Provided data START

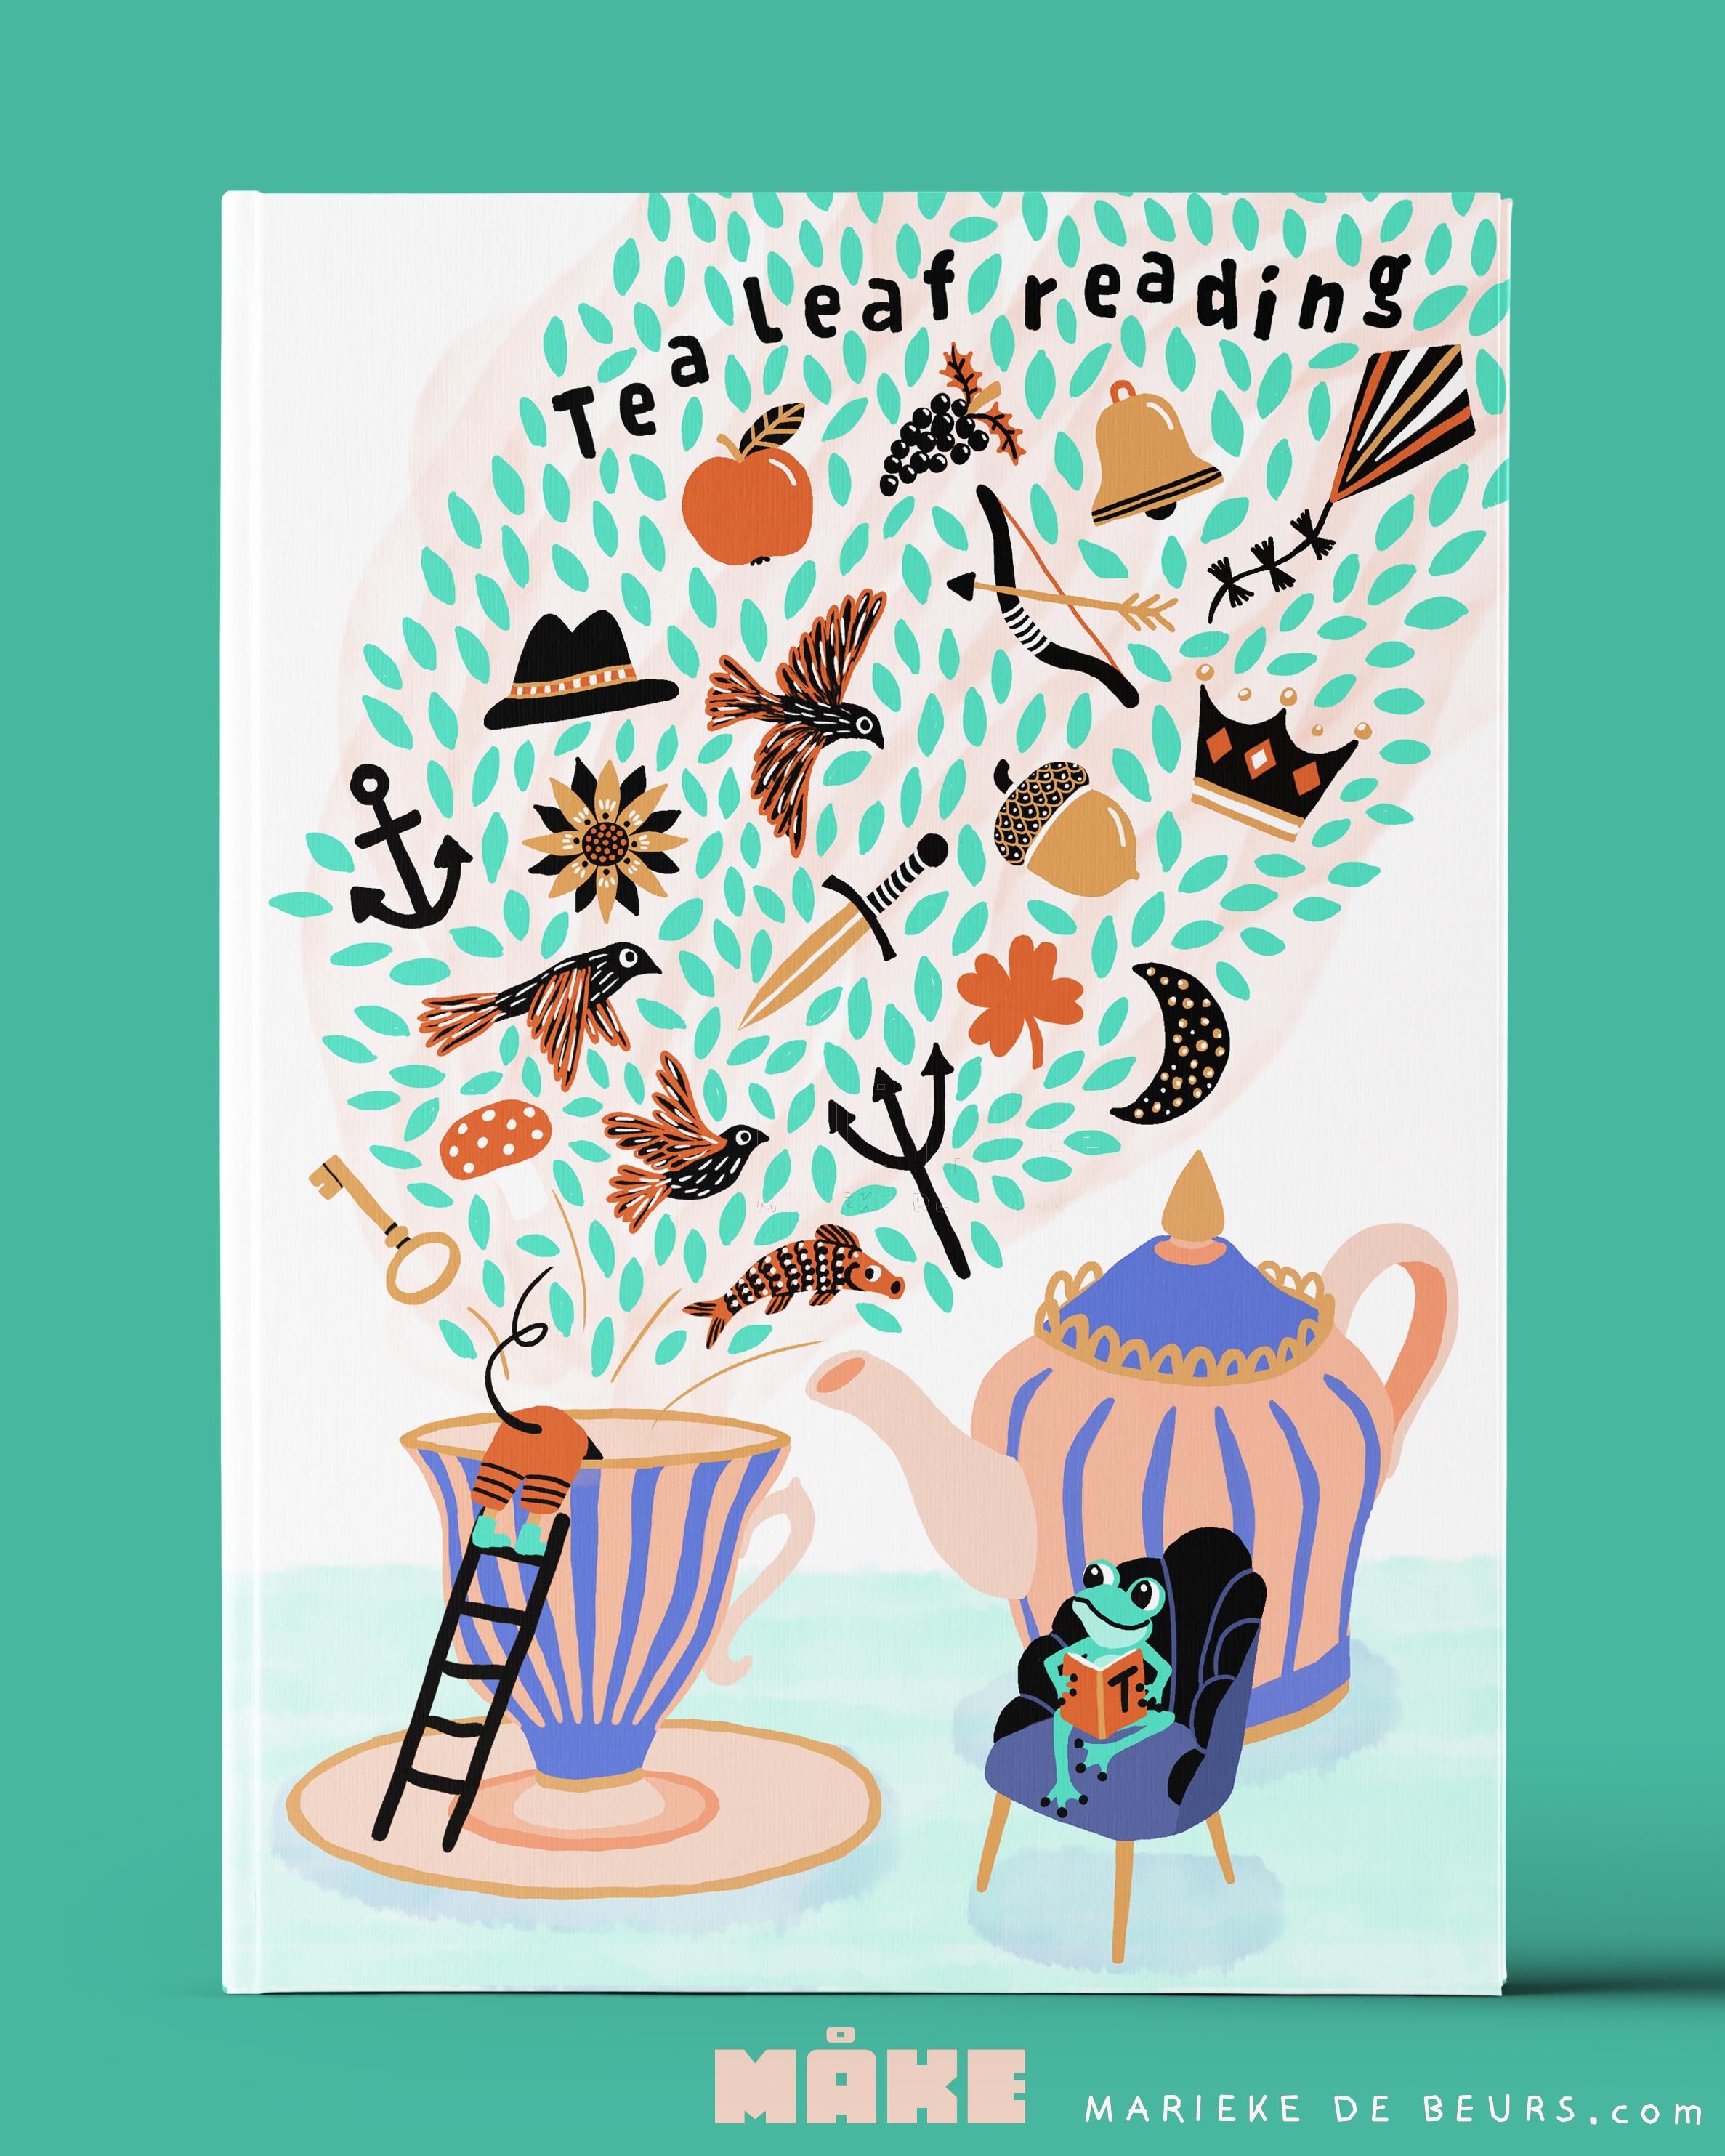 Tea_leaf_reading_mockup.jpg
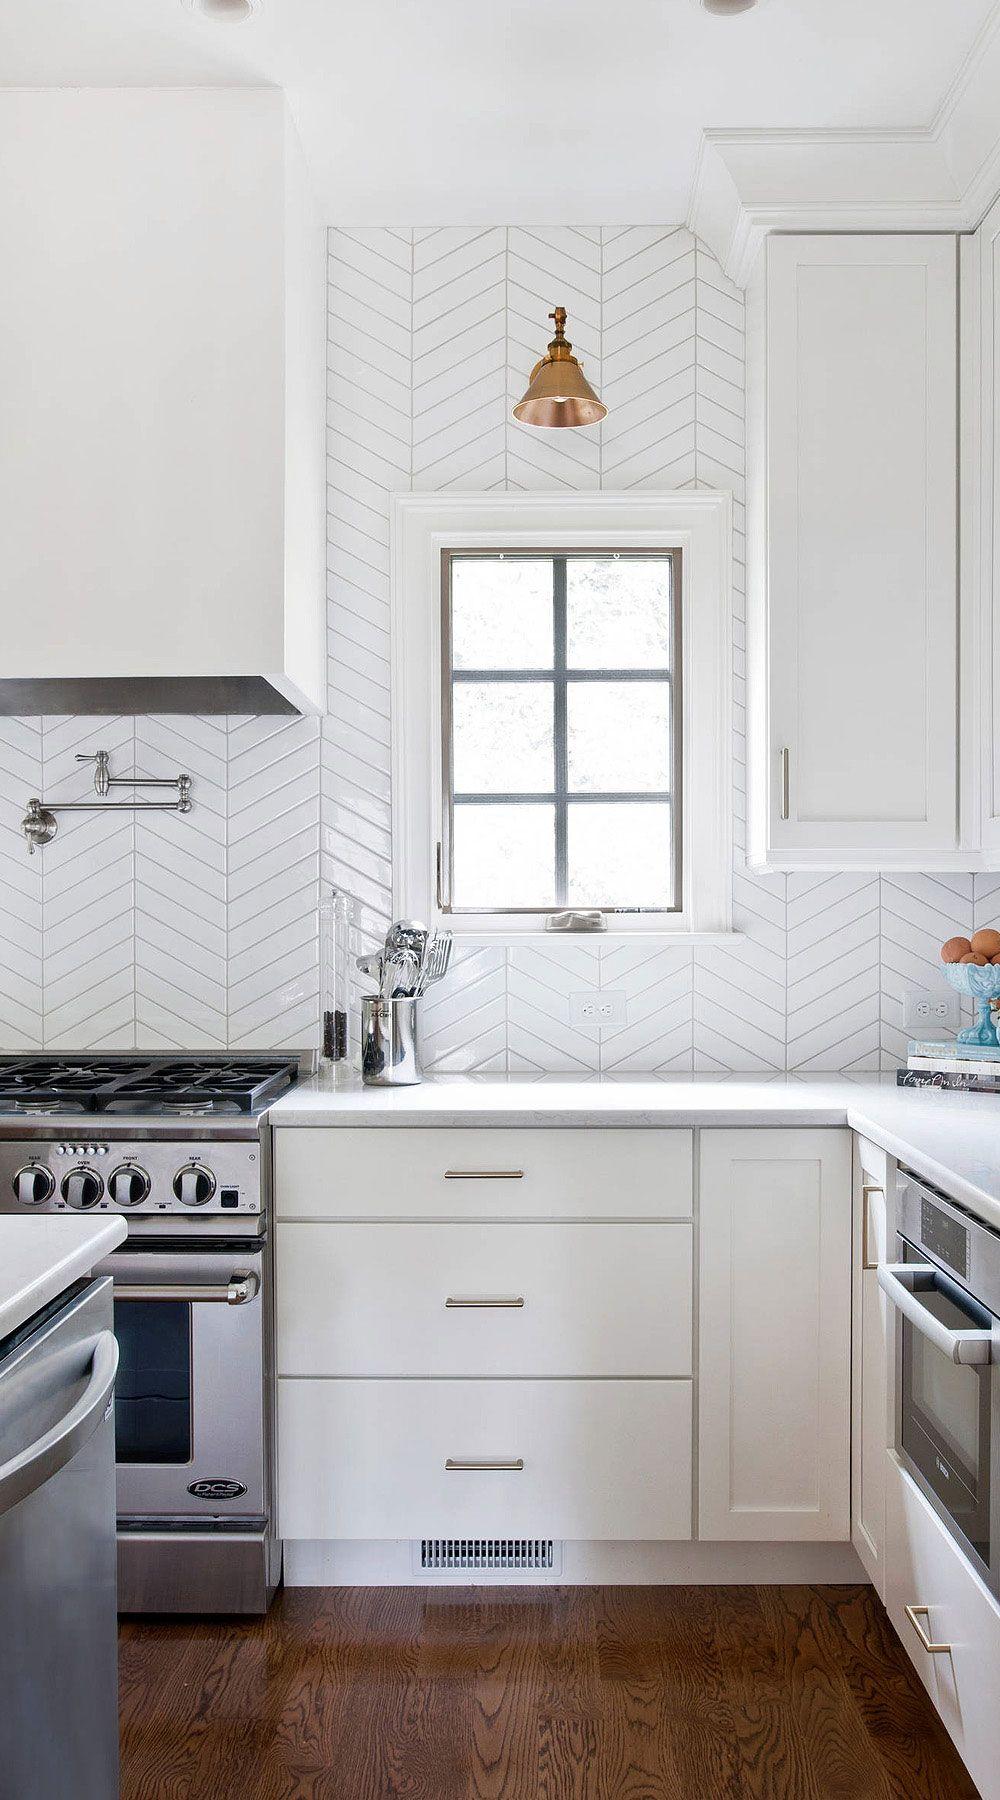 112 Chevron Backsplash Zig Zag Stunning Chevron Pattern Tiles In 2020 Chevron Kitchen Backsplash Kitchen White Cabinets Backsplash For White Cabinets
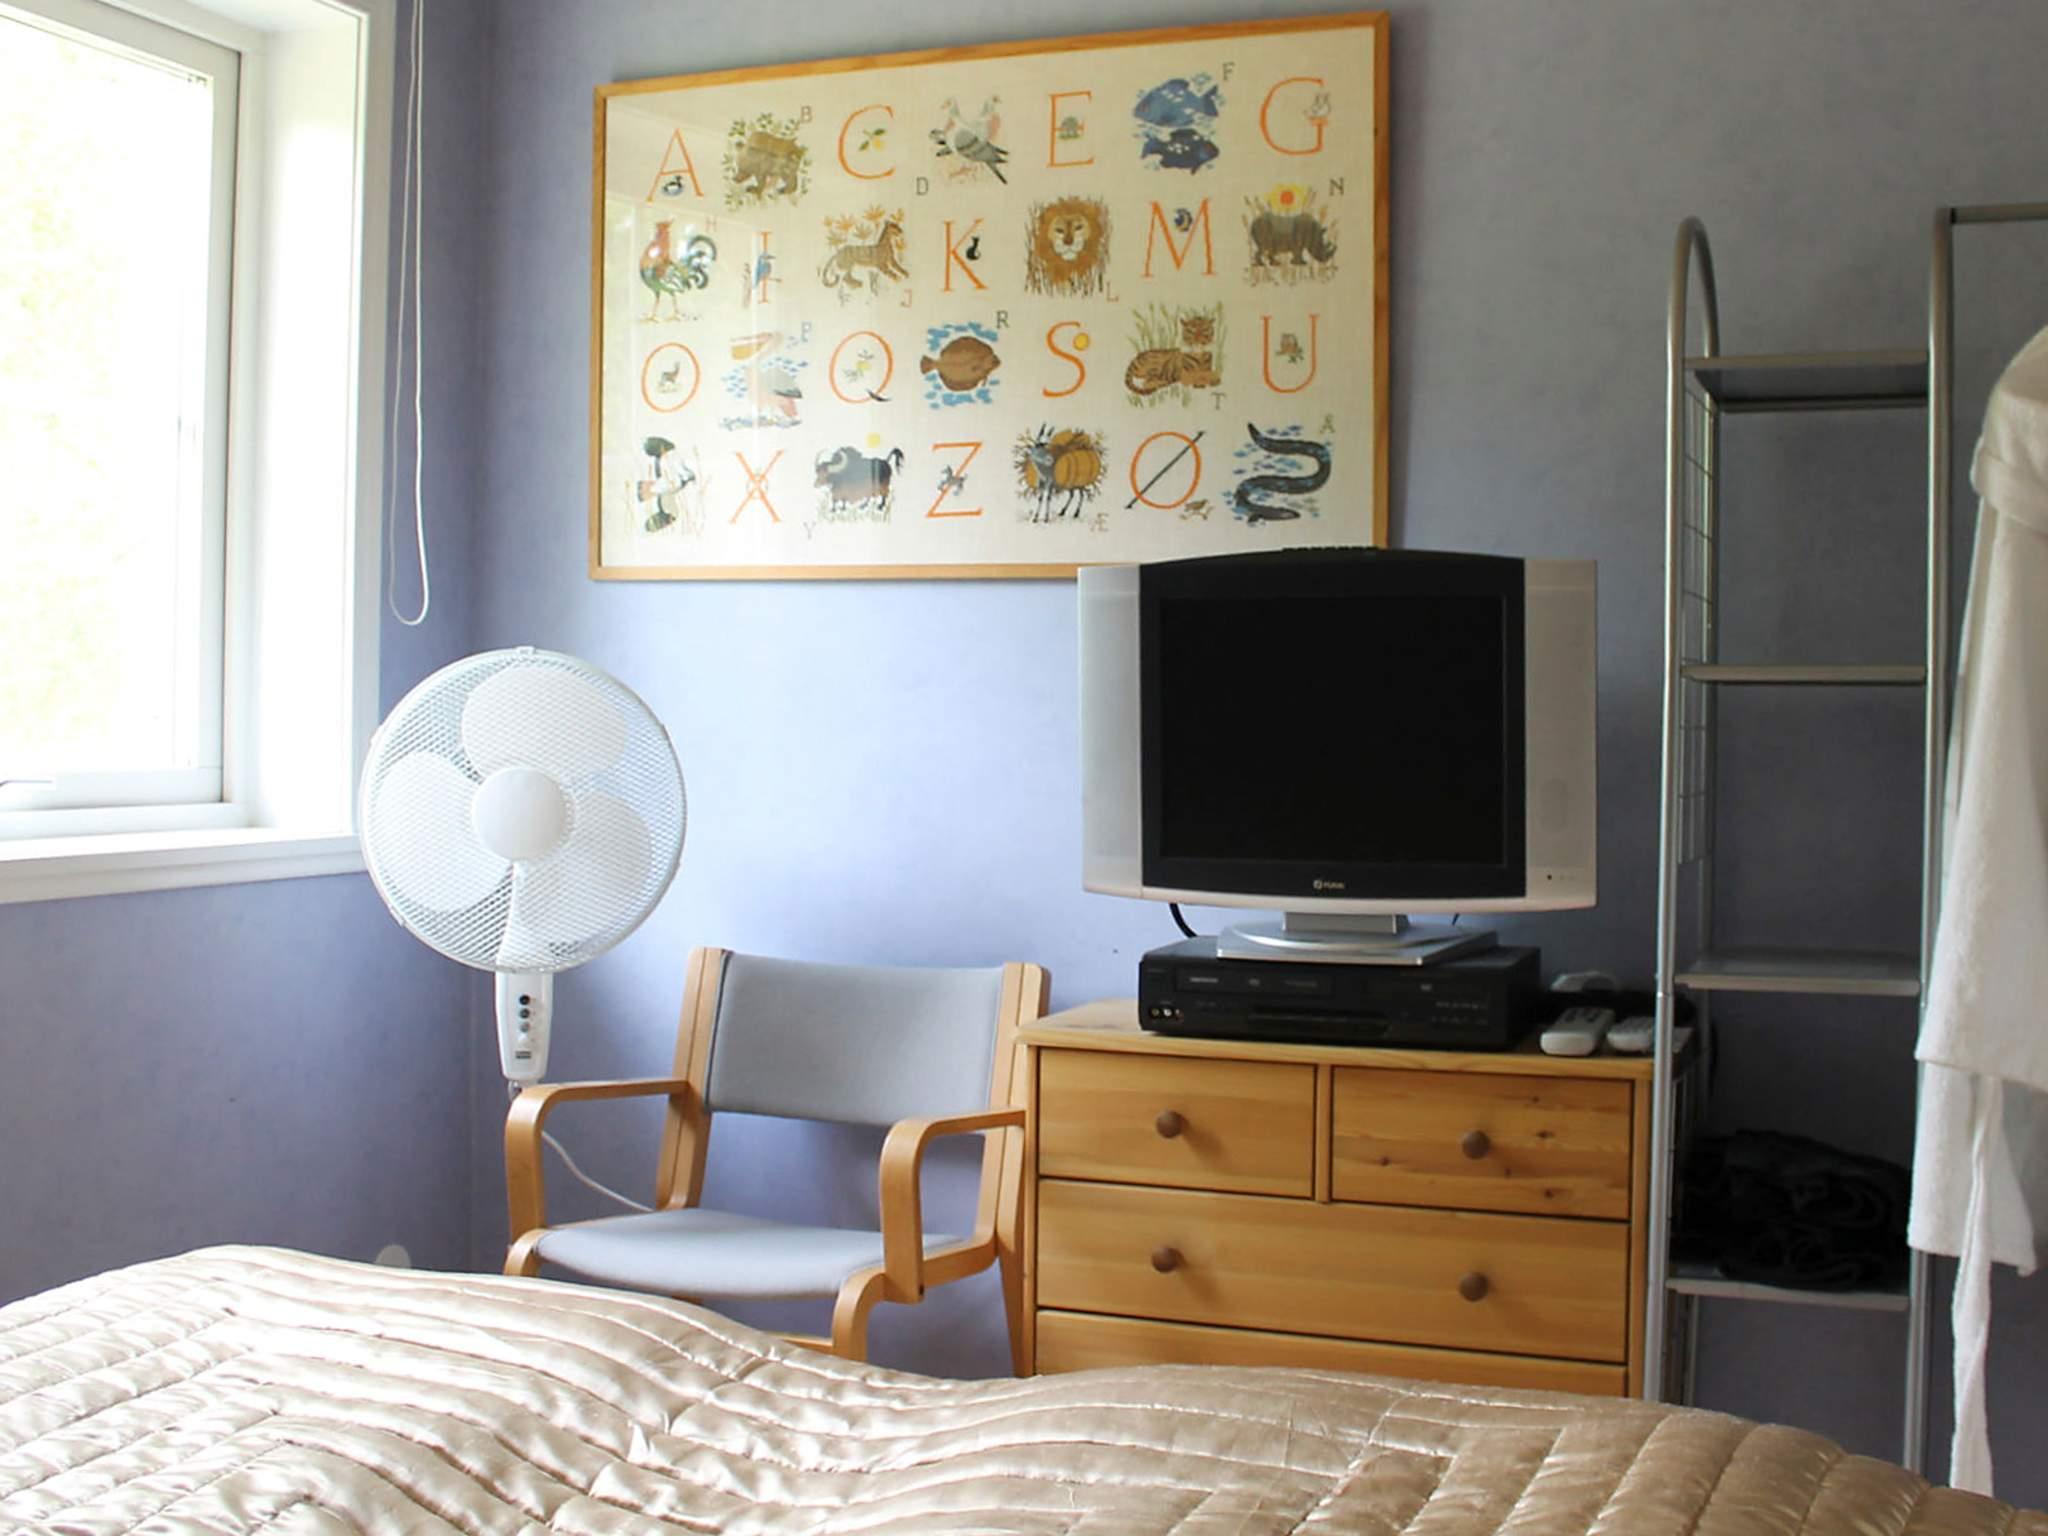 Ferienhaus Eksjö (642218), Hult, Jönköpings län, Südschweden, Schweden, Bild 11

Provided data END

> [Work to be completed] Everything in the material above should be reproduced exactly, except the pictures.

> [Answer section]
 Tea_leaf_reading_mockup.jpg
 112 Chevron Backsplash Zig Zag Stunning Chevron Pattern Tiles In 2020 Chevron Kitchen Backsplash Kitchen White Cabinets Backsplash For White Cabinets
 Ferienhaus Eksjö (642218), Hult, Jönköpings län, Südschweden, Schweden, Bild 11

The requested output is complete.